Rather than feel ashamed at this fact, The Ahl'ul Sunnah Ulema feel proud at the actions of their leaders, Mull Ali Qari in Sharra Fiqa Akbar, p 175 (publishers Muhammad Saeed and son, Qur'an Muhall, Karachi ) as follows in his discussion on Imamate

"the Sahaba viewed the appointment of the Imam as so important that they preferred it to attending the Prophet's funeral, because the Muslims need an Imam so that orders can be made on Jihad, and so that Islamic Laws can be implemented".

 

(e) Conclusion 

The contention that Sunni Islam believes in a democratic system of Caliphate has no bearing on reality. Democratic election never took place at the Saqifa, the whole Ummah did not vote on the issue. More importantly to describe the concept of khilafth as democratic if kufr, the famous Gettysburg address had described democracy as "The Government of the people, appointed by the people for the people". This is contrary to Islamic Sharia, which is based on the fact that sovereignty belongs to Allah (swt) not the people. It is like confusing democracy with the concept of shura (consultation) of the entire community, then this likewise did not occur Hadhrath Umar was not voted by the Muslim Ummah, Hadhrath Abu Bakr nominated him.
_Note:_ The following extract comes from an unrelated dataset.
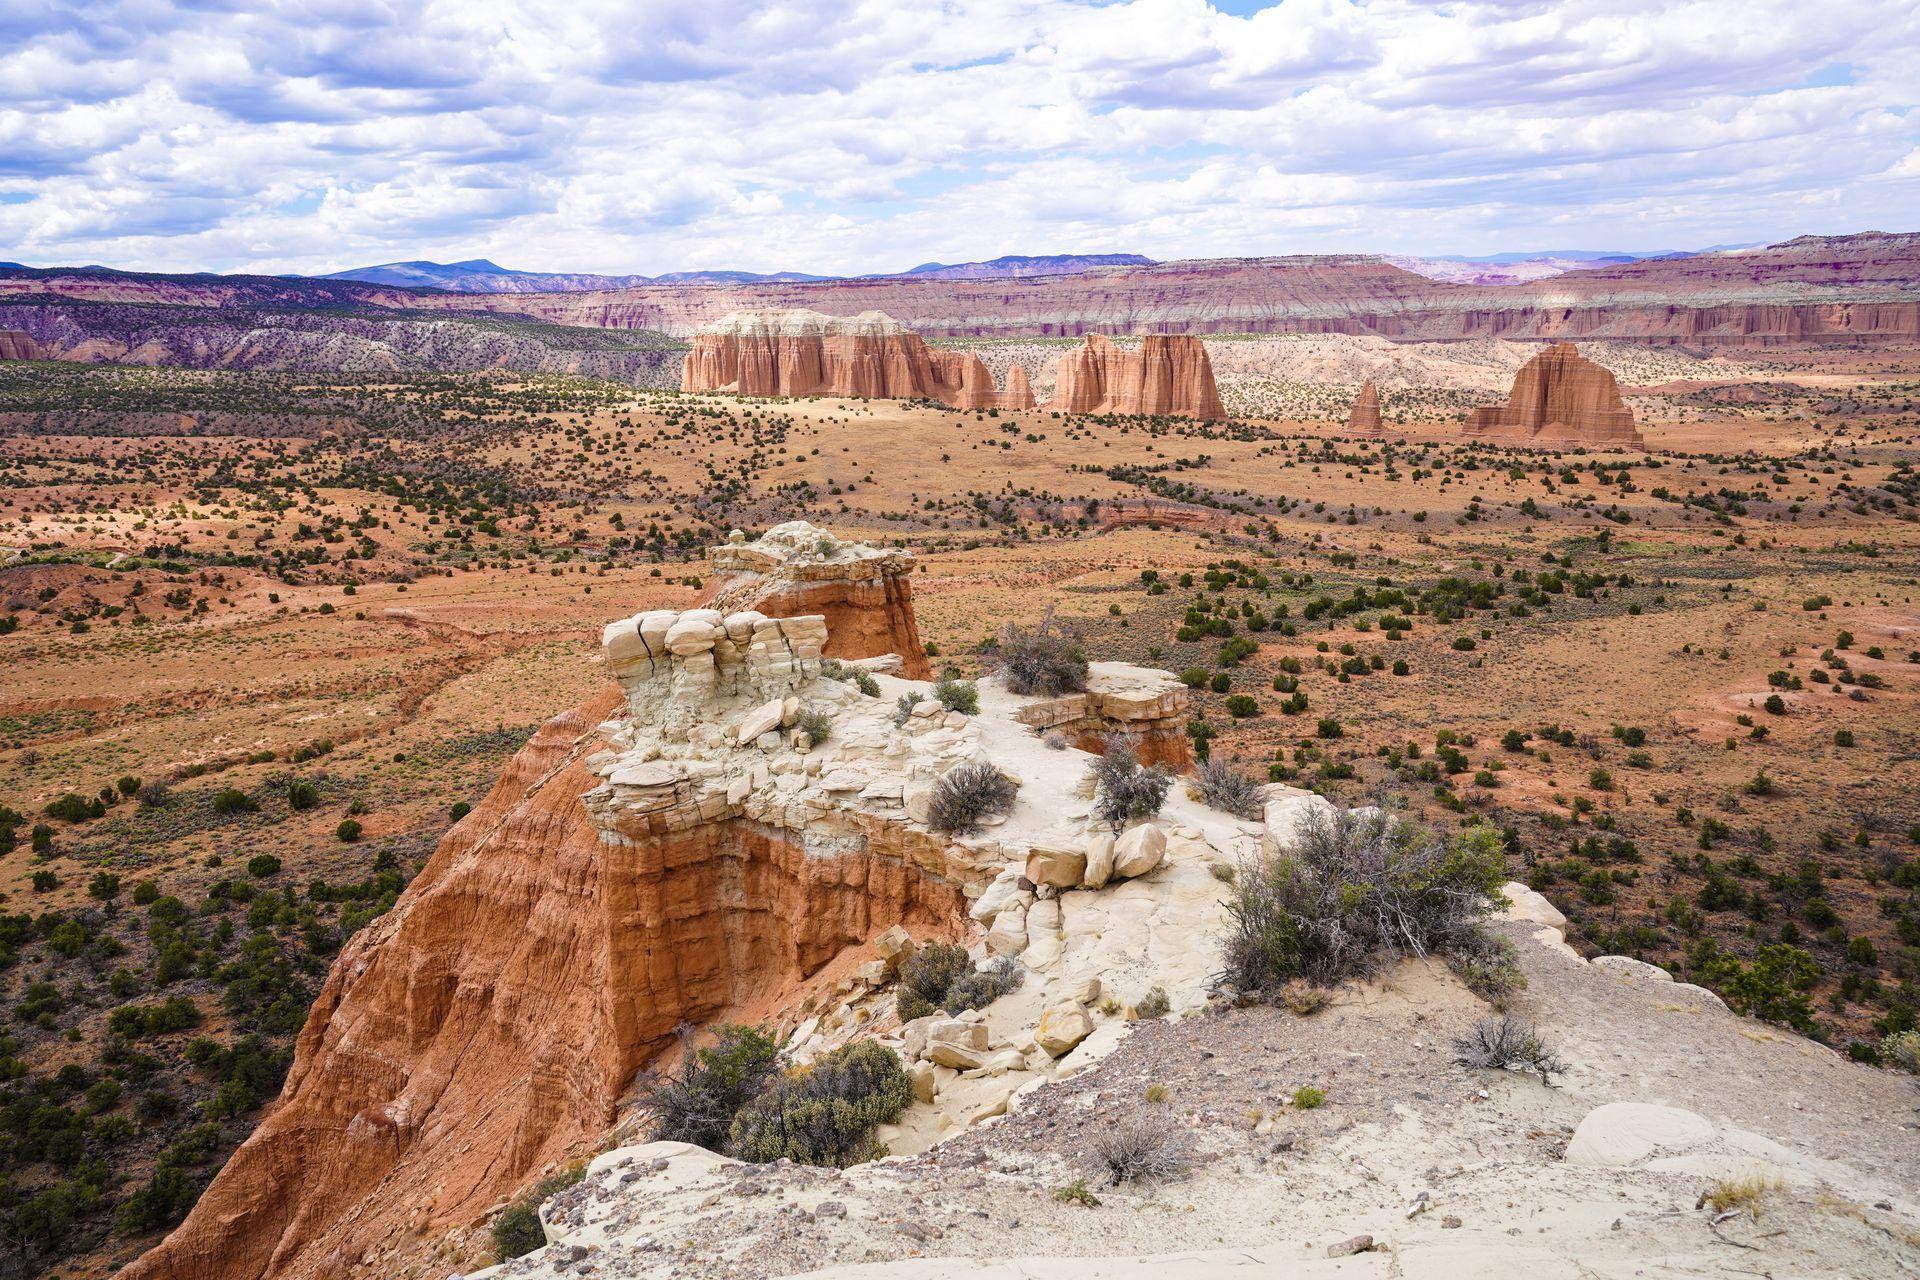 An expansive valley with various orange, rock formations with white caps. This iconic view is located in the Cathedral Valley area of Capitol Reef.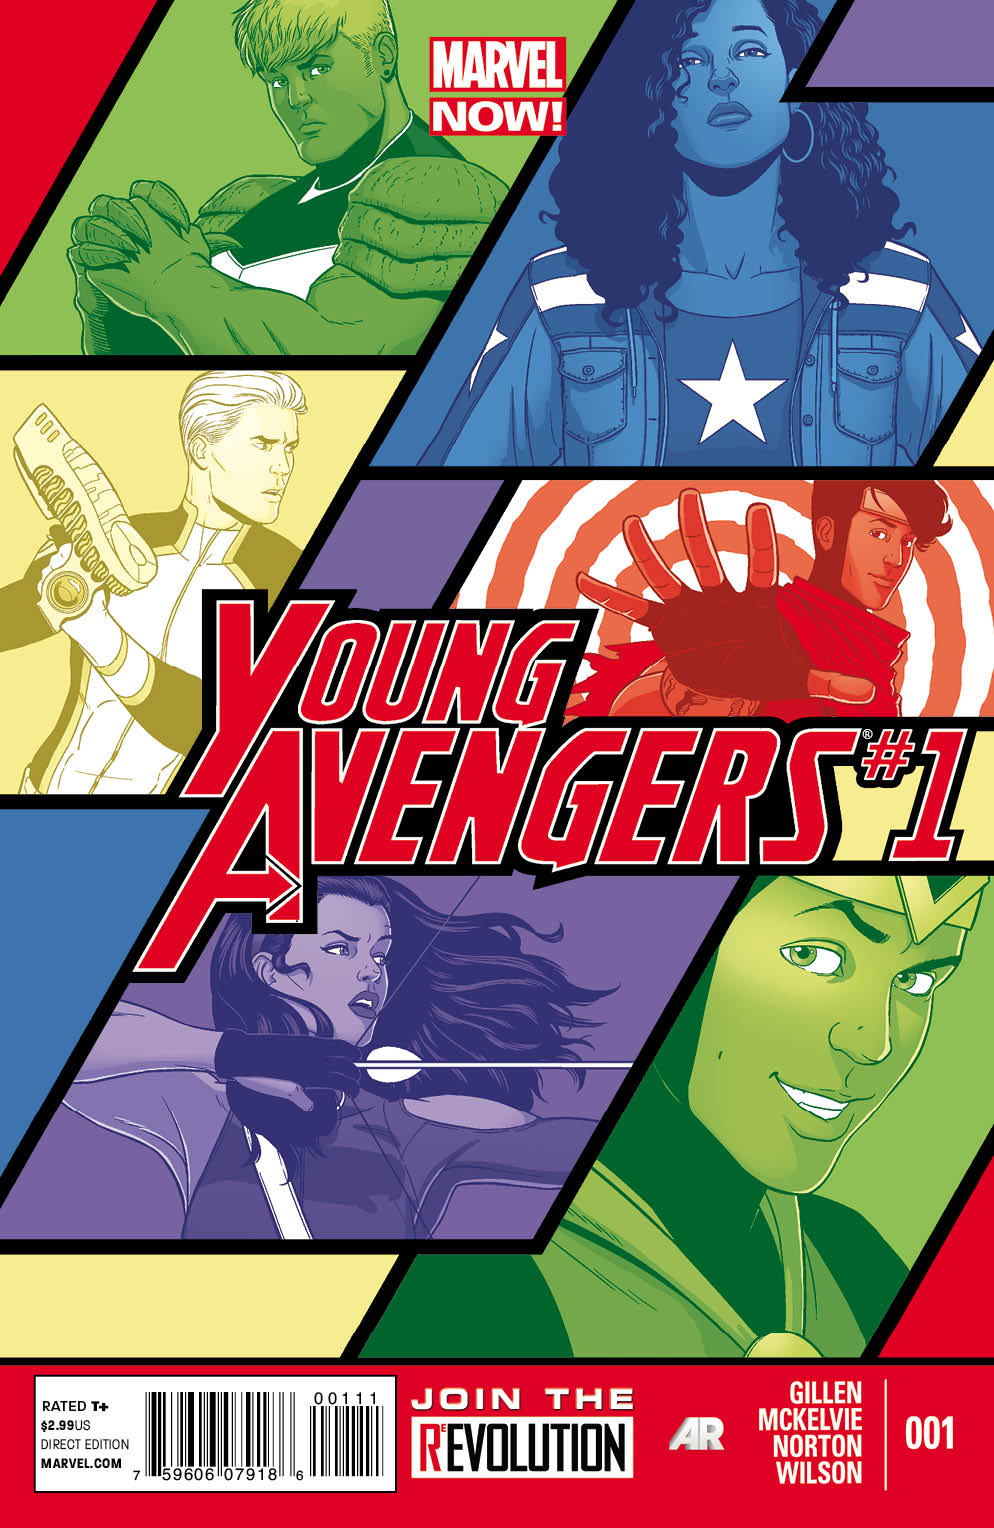 YOUNG AVENGERS #1

Hadhrath Uthman was voted by a committee of six men not the Muslim public at large. Mu'awiya took the reigns by force not through election. Similarly the Banu Ummayya rule that followed had no democratic system of Caliphate rather we had what the late Wahabie scholar Maudoodi describes as 'Mulukiyat' (Kingdom) where there was hereditary succession.

The point made is that the meeting at the Saqifa was haram, undoubtedly haram since the priority incumbent by the ordinances of Islam are to bury the dead as fast as possible. This is the Seal of all Prophets!

The second point made is that the Saqifa was a shameful meeting as it was occurring while the Seal of Prophets was being buried.

The third point is that the Holy Prophet would not leave the Muslims in such a dilemma - one that the authors would have us believe took the Muslims to the level of committing a sin - he left a successor.

The fourth point made is that what gave the companions the right to appoint a Khalifa when that was not their prerogative, and still more since the man who was Allah's Khalifa was duped and was not kept informed while he shouldered the burden of burying the Holy Prophet?

The excuse is that the opinion of the companion overrides the Qur'an and the Sunnah since Ijma'a (of a handful of Muhajirs) is given as the excuse. But Ijma'a came after the Qur'an and Muhammad (saws). And Ijma'a is a belief of the followers of the institution, and we the Shi'i who follow the family can here point out that the Qur'an and Sunnah override Ijma'a when the opinion of the companions overrides the Qur'an. It is clear that this concept was developed by the followers of the companions after analyzing history. At no point did the companions say that the Khilafath of Hadhrath Abu Bakr came about via ijma. On the contrary as we have stated earlier Hadhrath Umar had stated that it was a mistake, no consultation took place, meaning the ijma of the companions was not sought.